- [Material to process]:
——————————

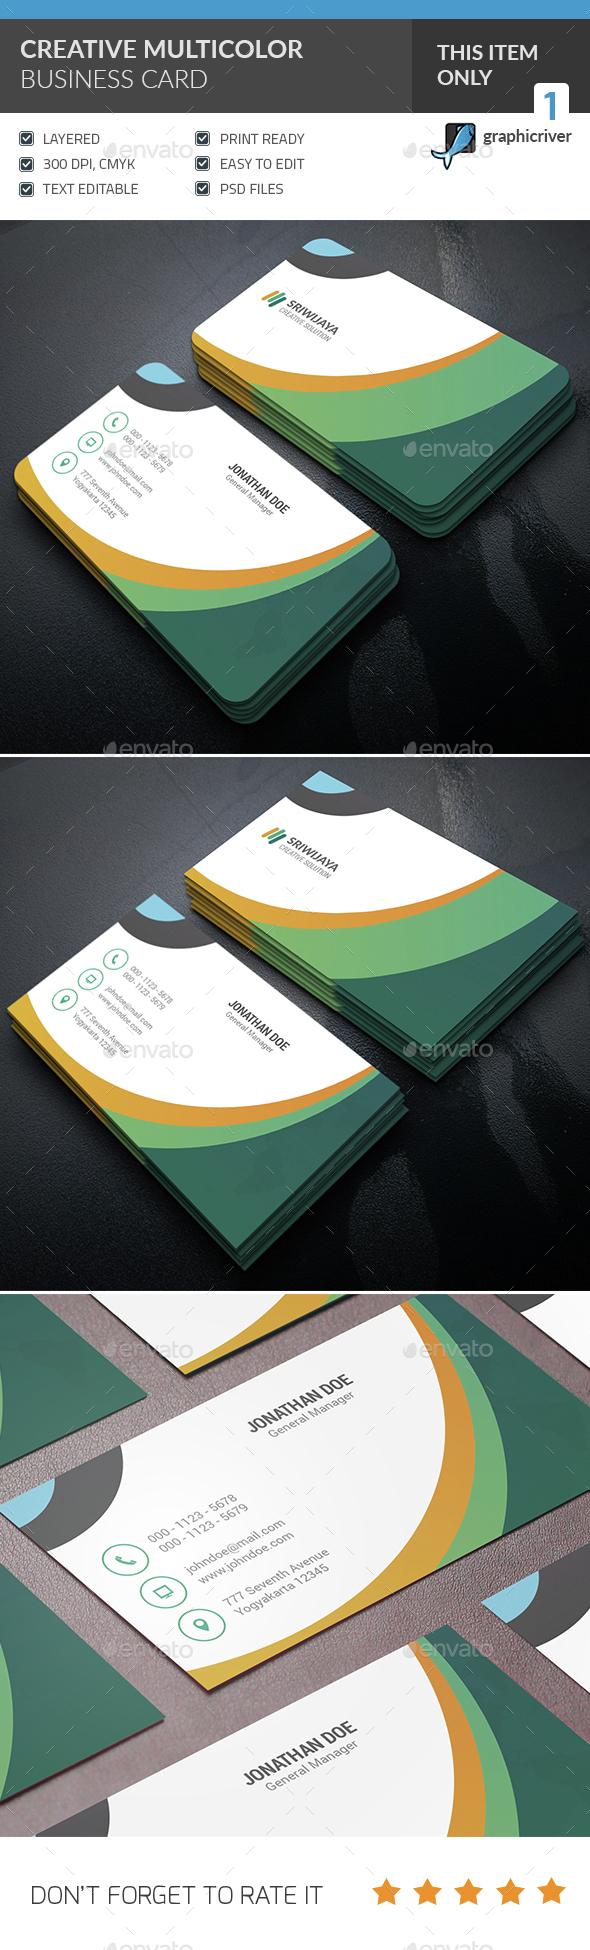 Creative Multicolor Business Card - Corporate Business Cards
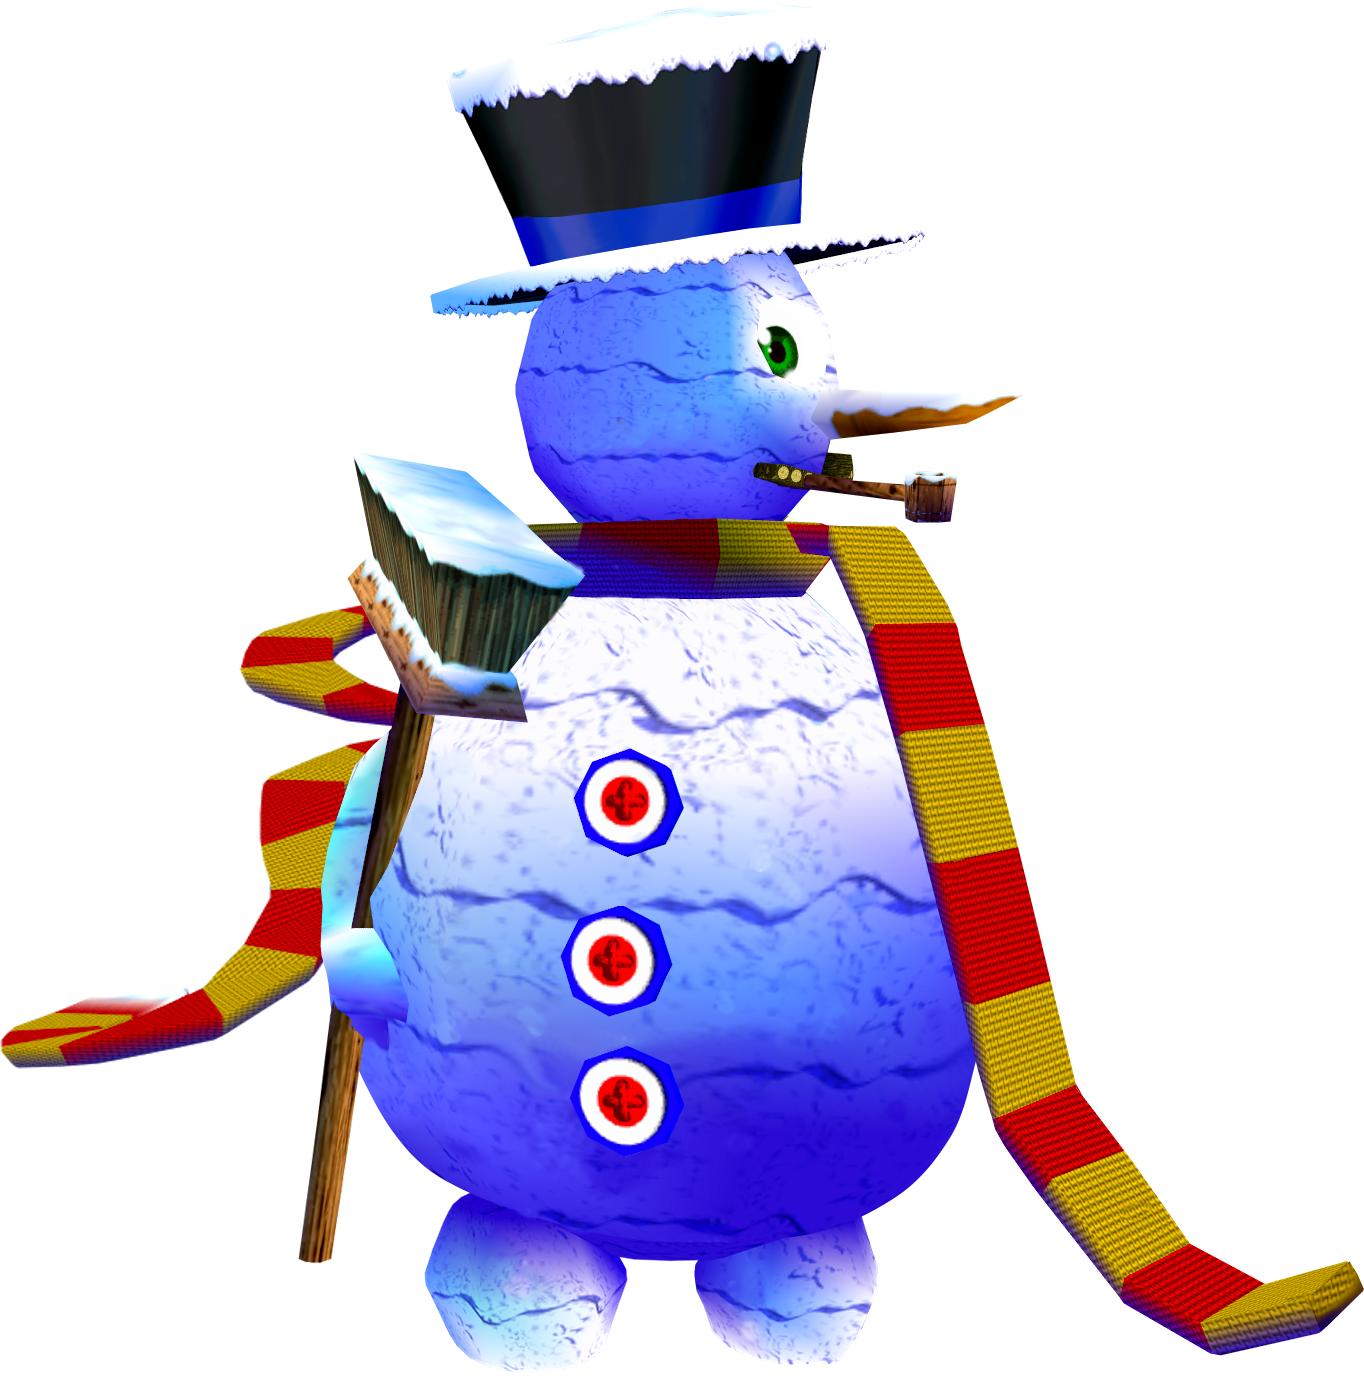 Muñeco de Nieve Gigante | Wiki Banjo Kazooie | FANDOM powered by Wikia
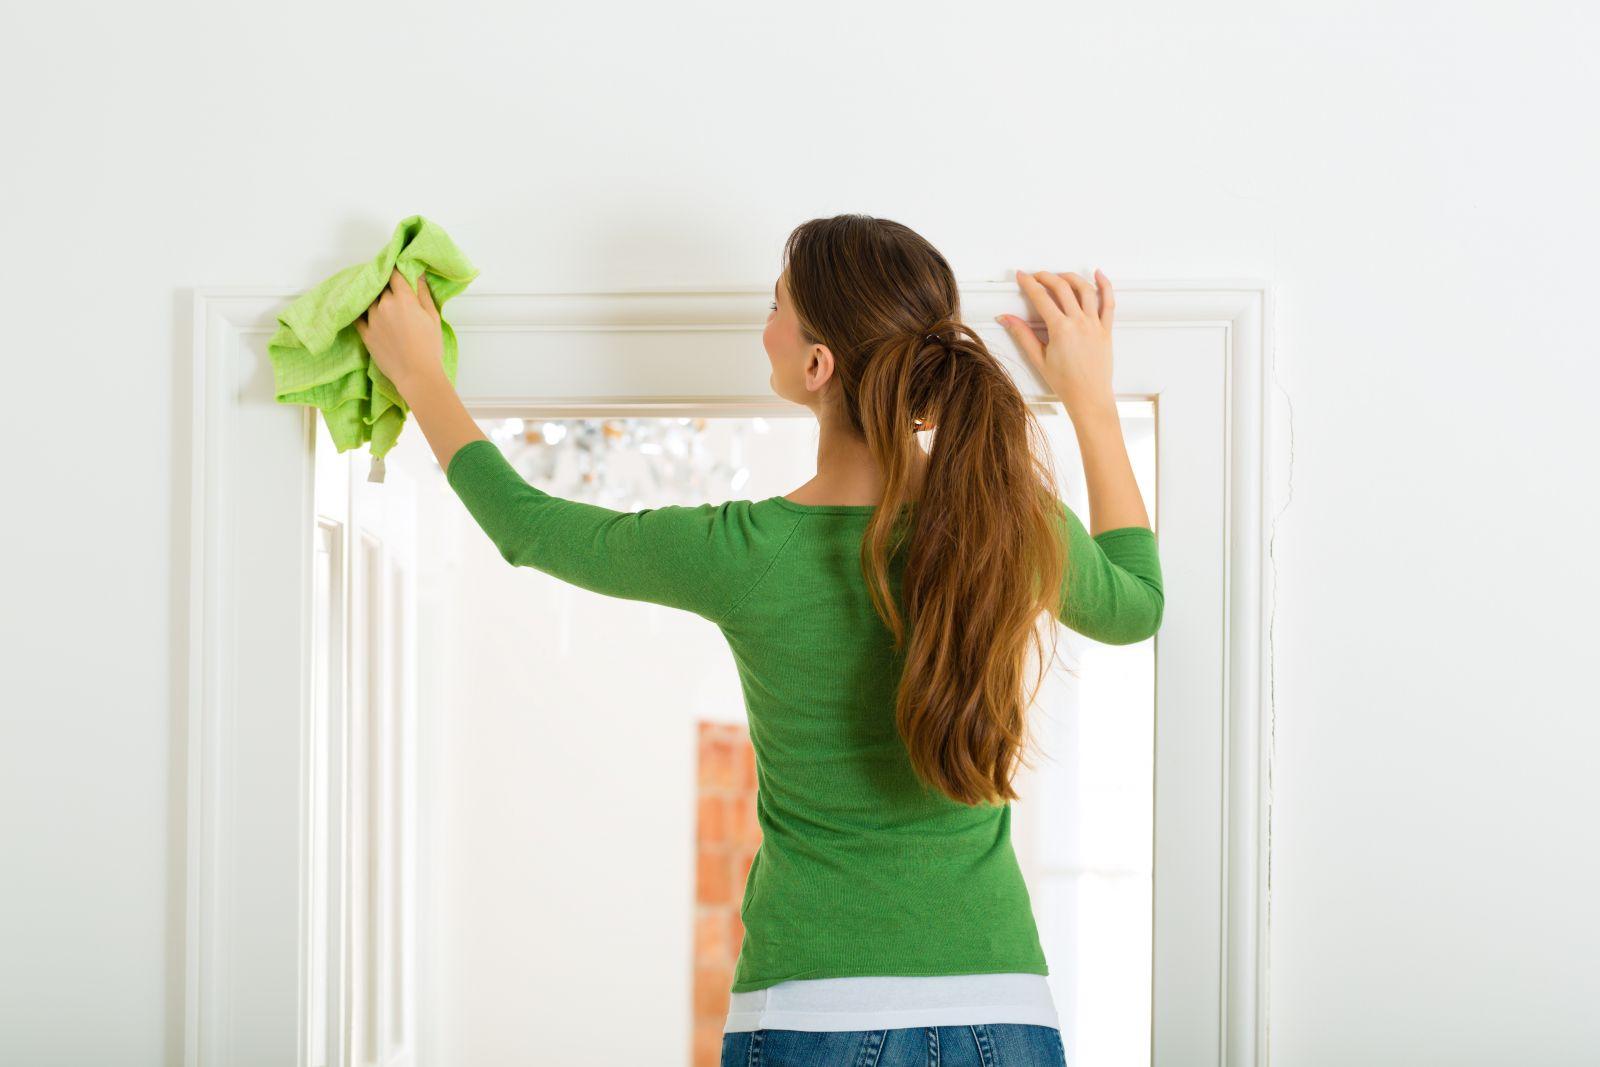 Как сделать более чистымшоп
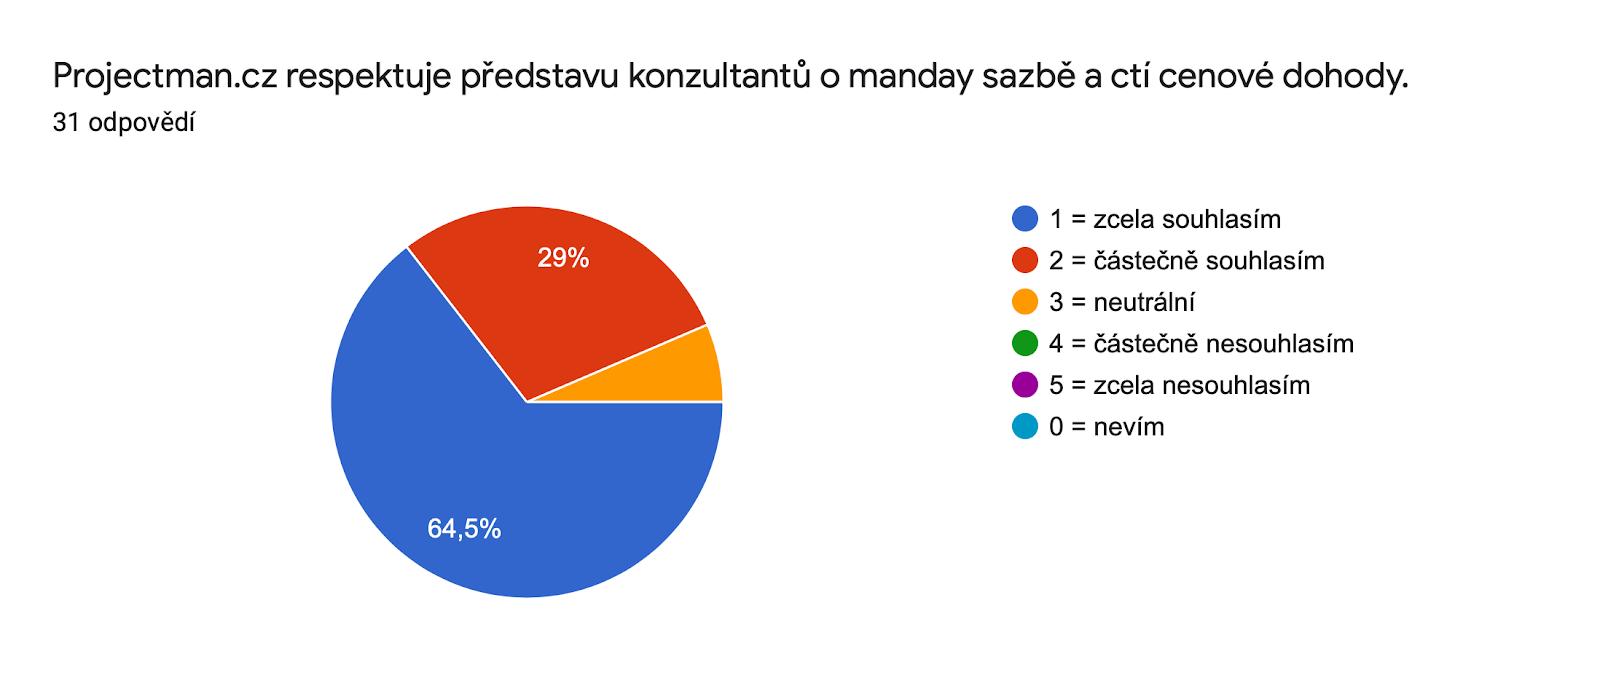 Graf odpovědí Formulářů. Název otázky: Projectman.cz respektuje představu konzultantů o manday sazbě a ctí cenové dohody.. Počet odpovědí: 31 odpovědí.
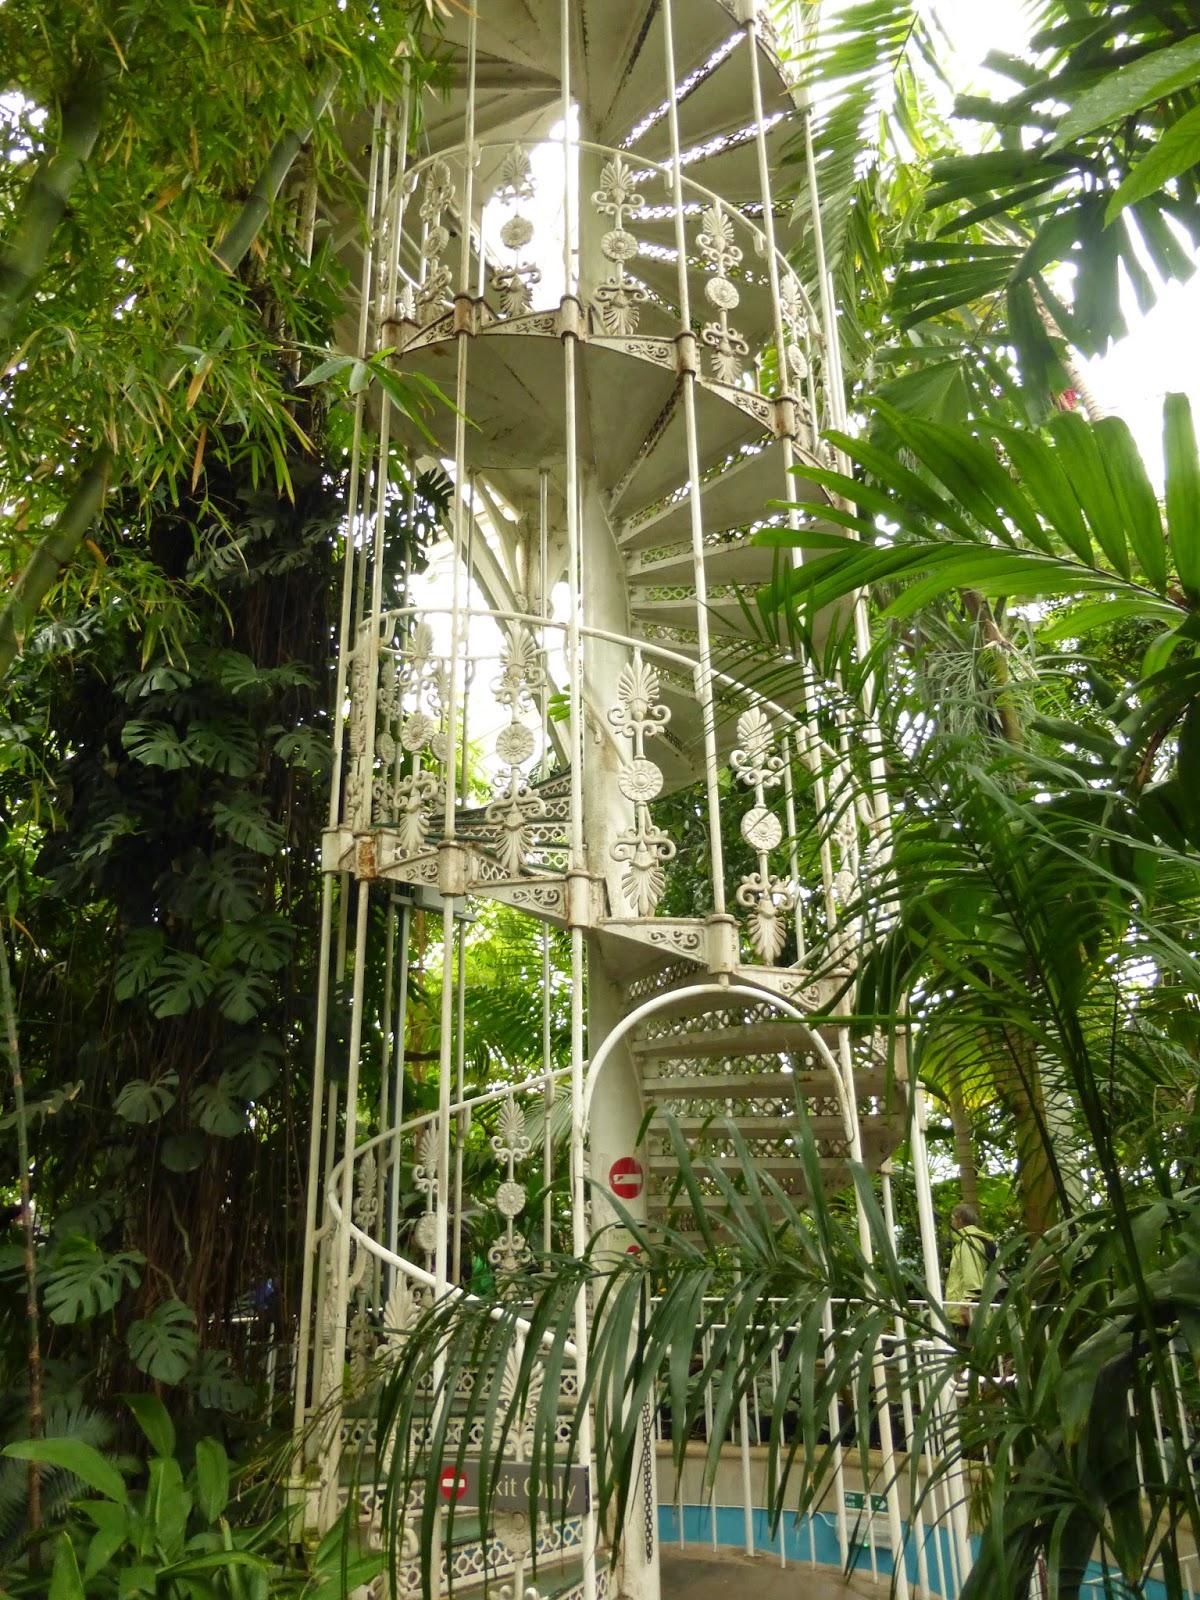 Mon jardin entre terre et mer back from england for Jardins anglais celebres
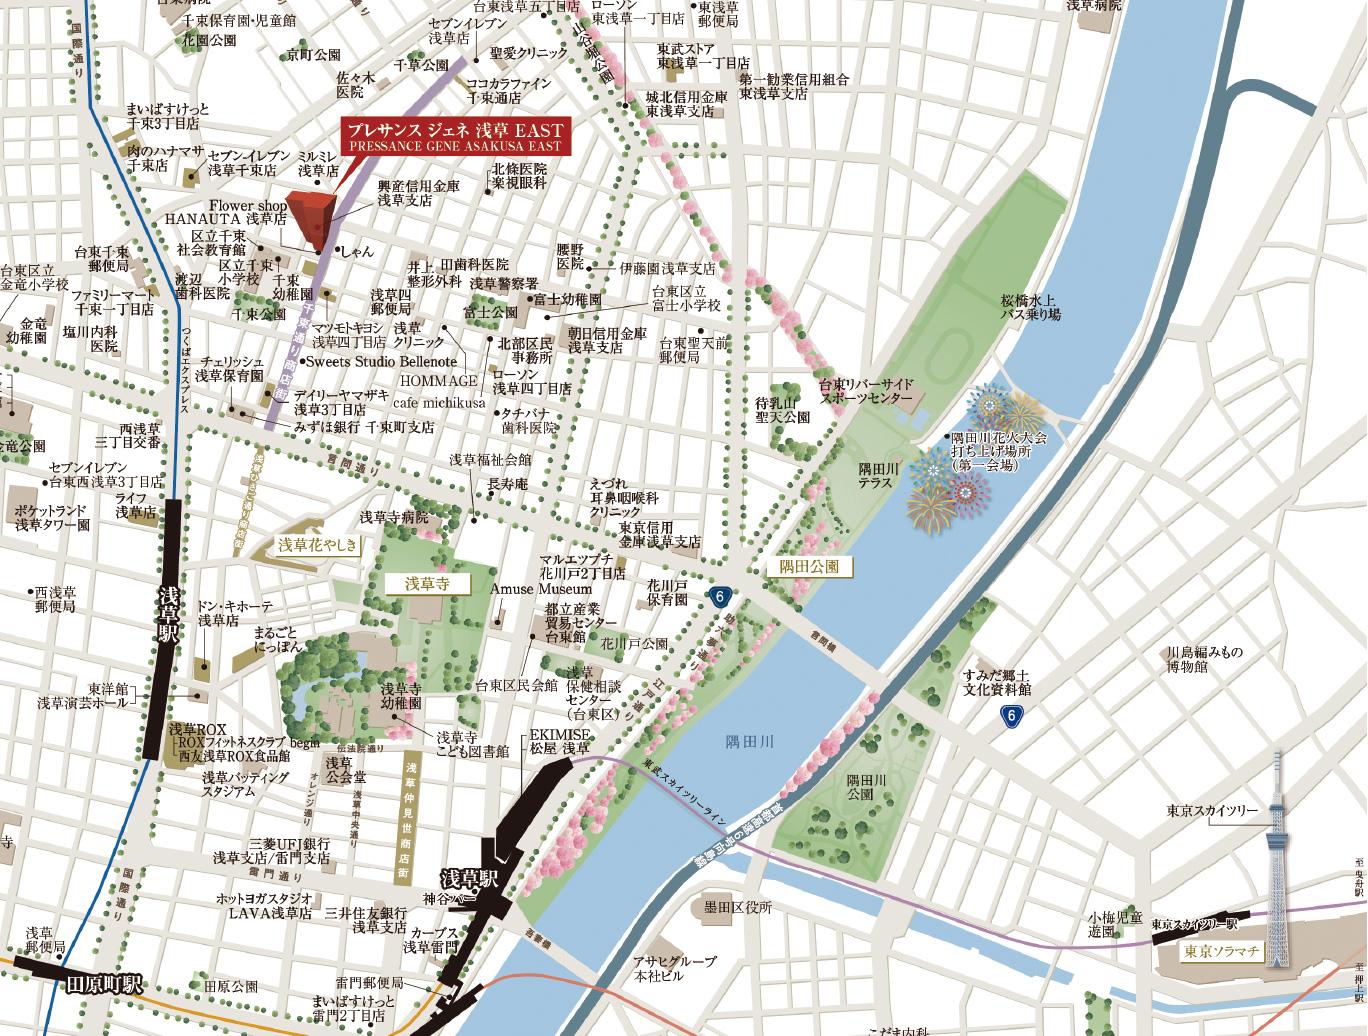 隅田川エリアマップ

——————————

- [Brief]: Print the entire listing precisely as written, omitting the images it holds.

- [Answer for the task]:
 Creative Multicolor Business Card - Corporate Business Cards
 Muñeco de Nieve Gigante | Wiki Banjo Kazooie | FANDOM powered by Wikia
 Как сделать более чистымшоп
 Graf odpovědí Formulářů. Název otázky: Projectman.cz respektuje představu konzultantů o manday sazbě a ctí cenové dohody.. Počet odpovědí: 31 odpovědí.
 Mon jardin entre terre et mer back from england for Jardins anglais celebres
 隅田川エリアマップ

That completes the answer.